WHAT THIS TASK INVOLVES: Quote each line of the material verbatim, without the pictures.
BEGIN INPUT DATA
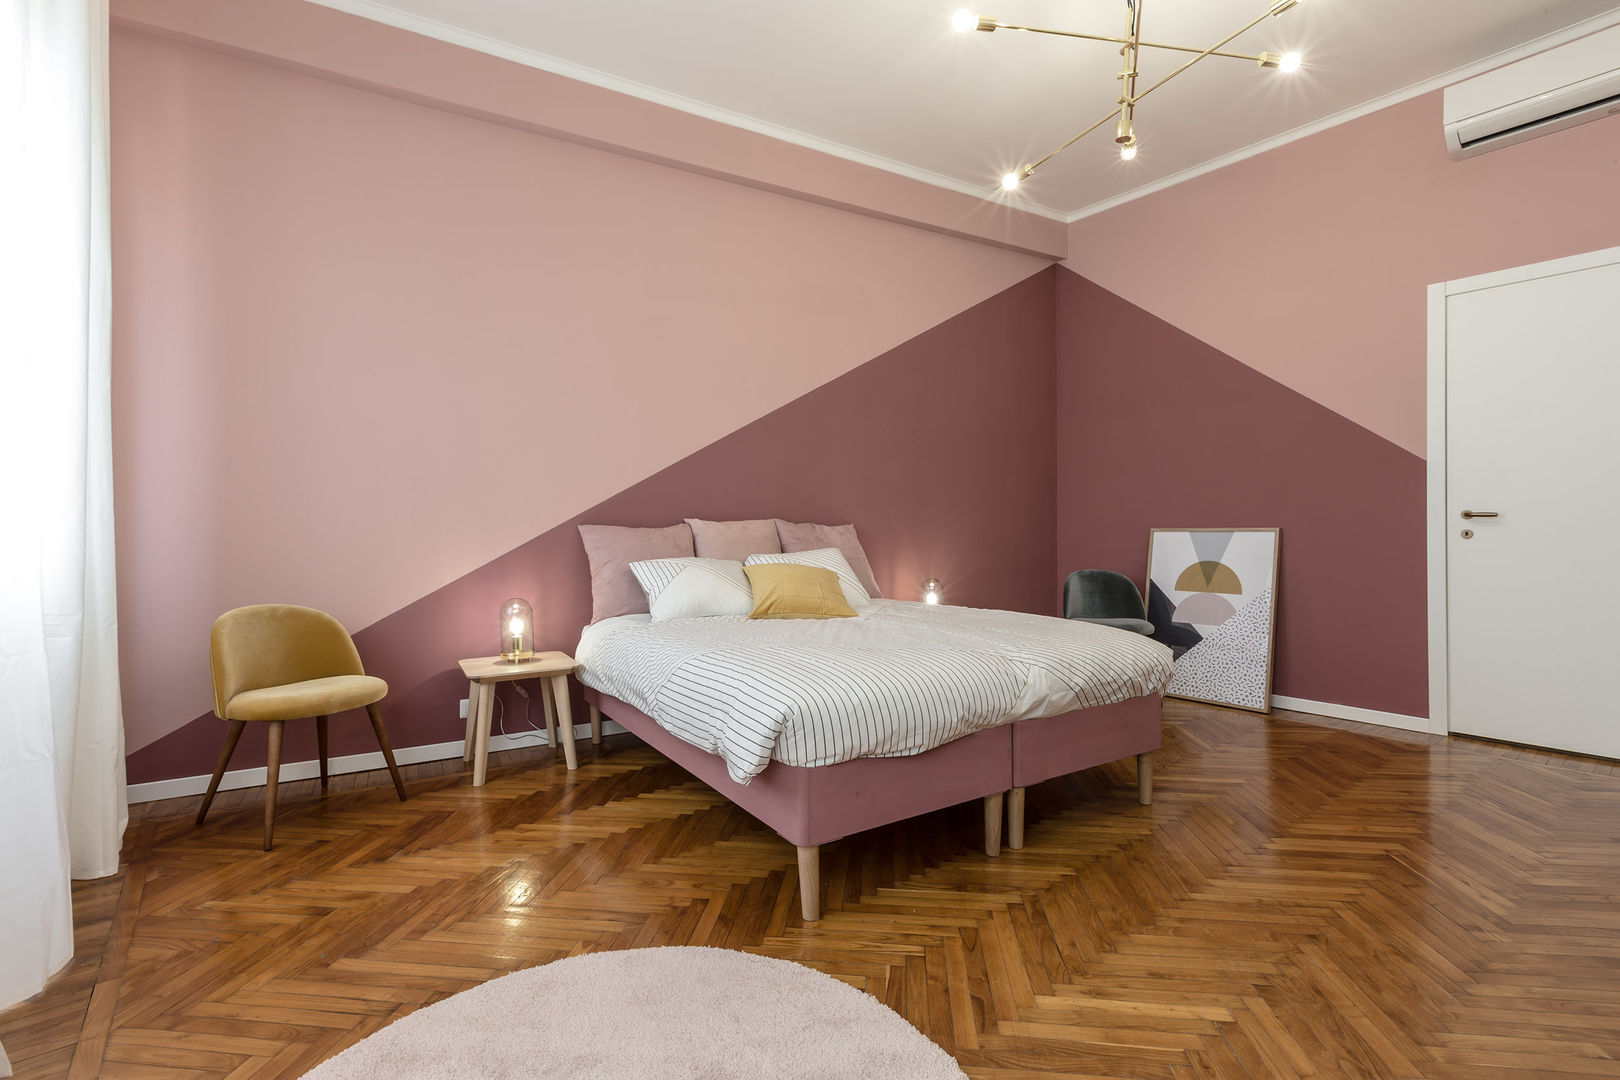 Casa MS.2: Intervento di Relooking in un appartamento a Milano, Architrek Architrek Cuartos de estilo moderno
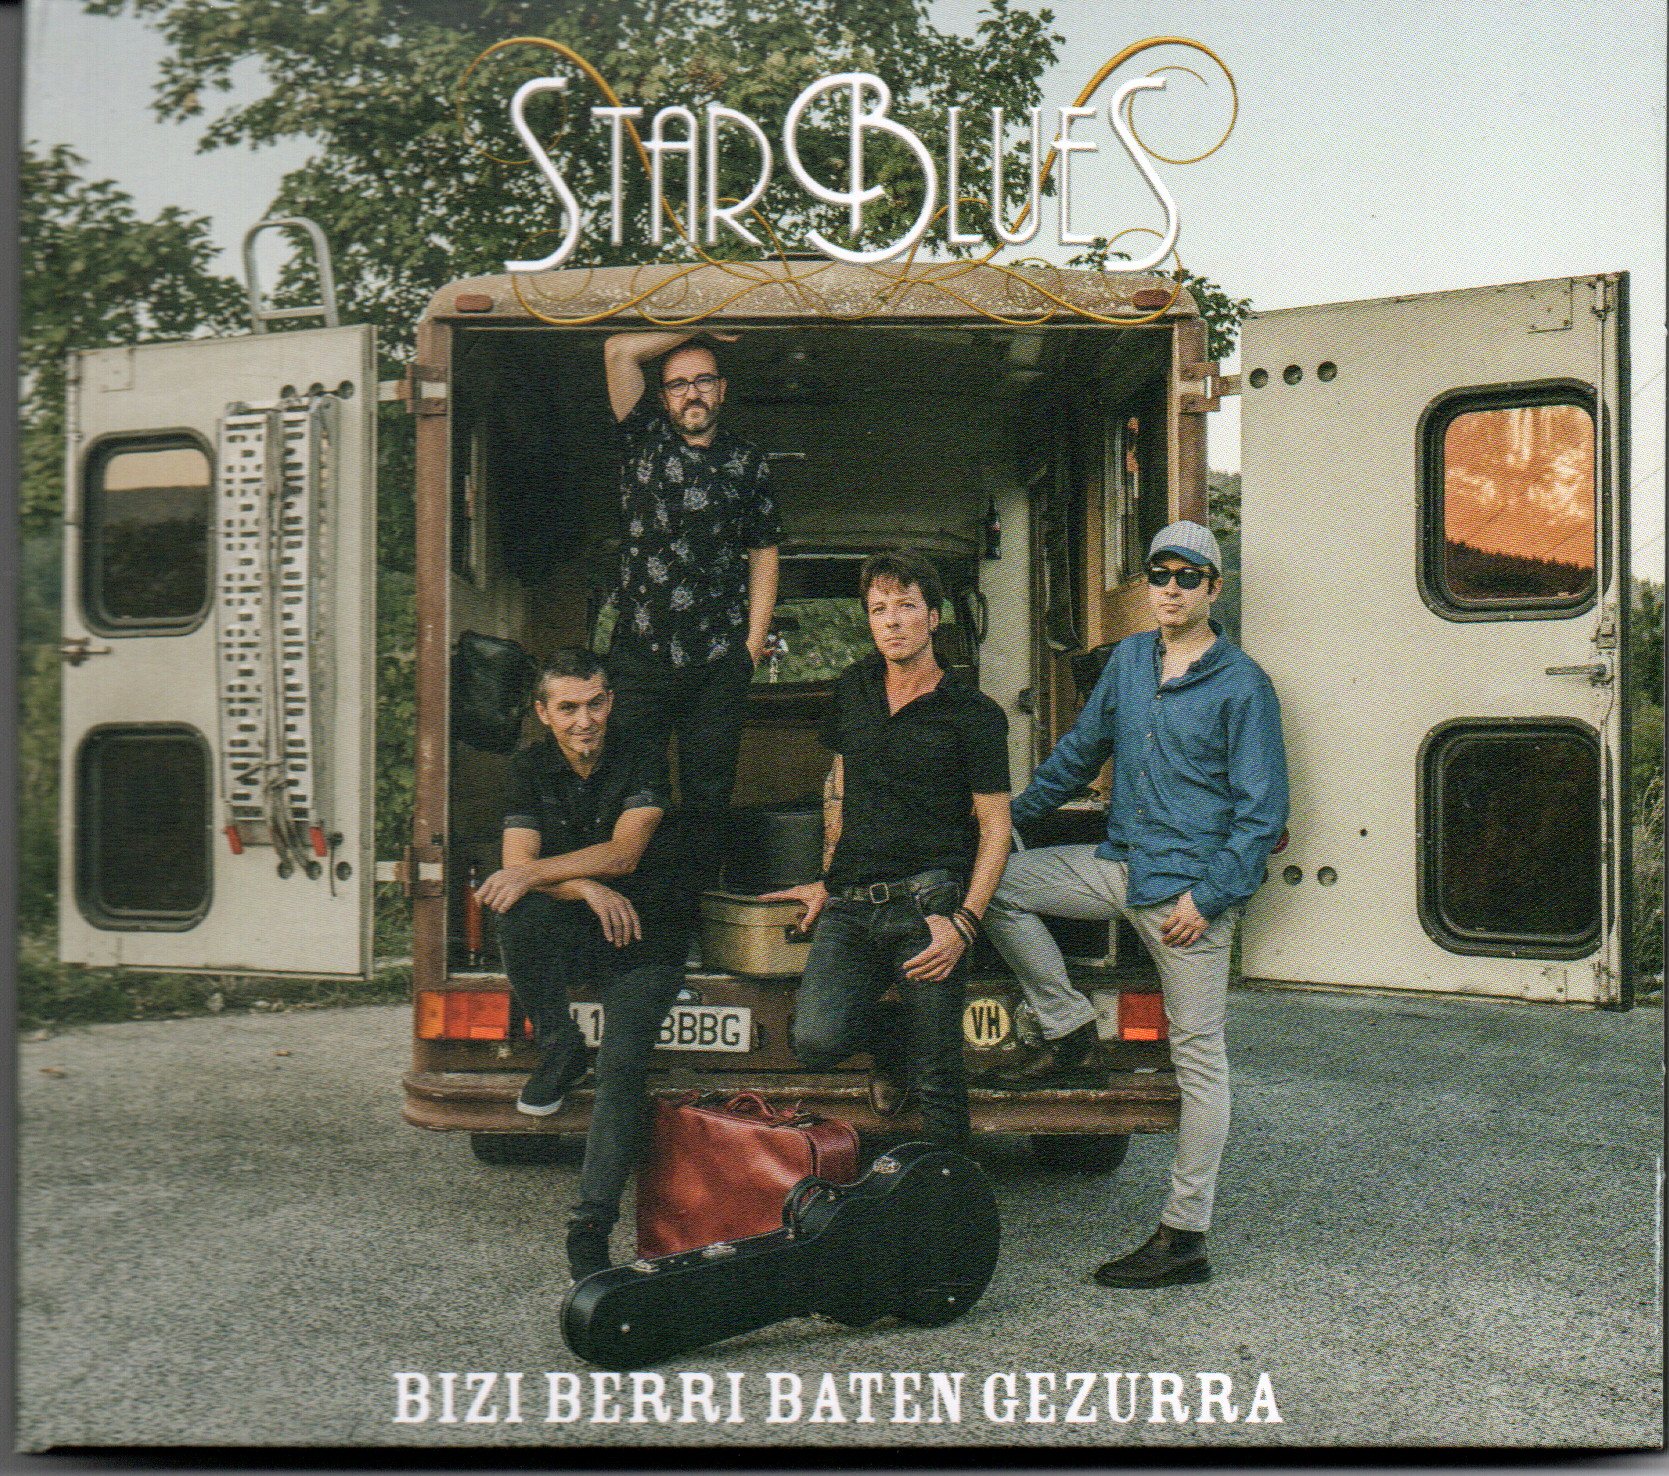 StarBlues "Bizi Berri Baten Gezurra"
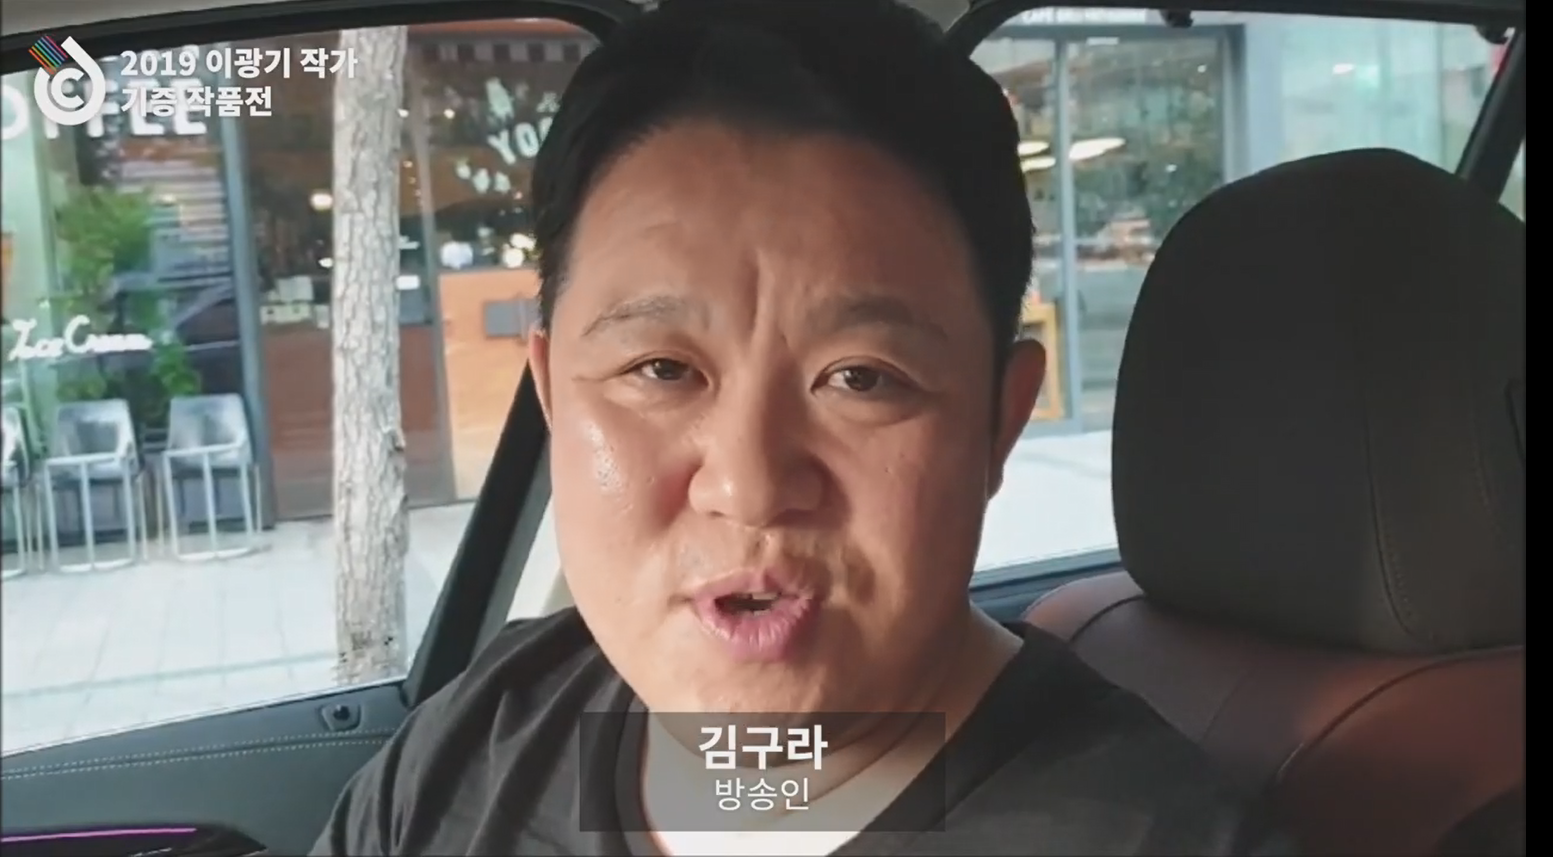 이광기 작가 기증작품전 축하영상 공개! 썸네일 이미지
END INPUT DATA
WRITTEN SOLUTION:
 Casa MS.2: Intervento di Relooking in un appartamento a Milano, Architrek Architrek Cuartos de estilo moderno
 StarBlues "Bizi Berri Baten Gezurra"
 이광기 작가 기증작품전 축하영상 공개! 썸네일 이미지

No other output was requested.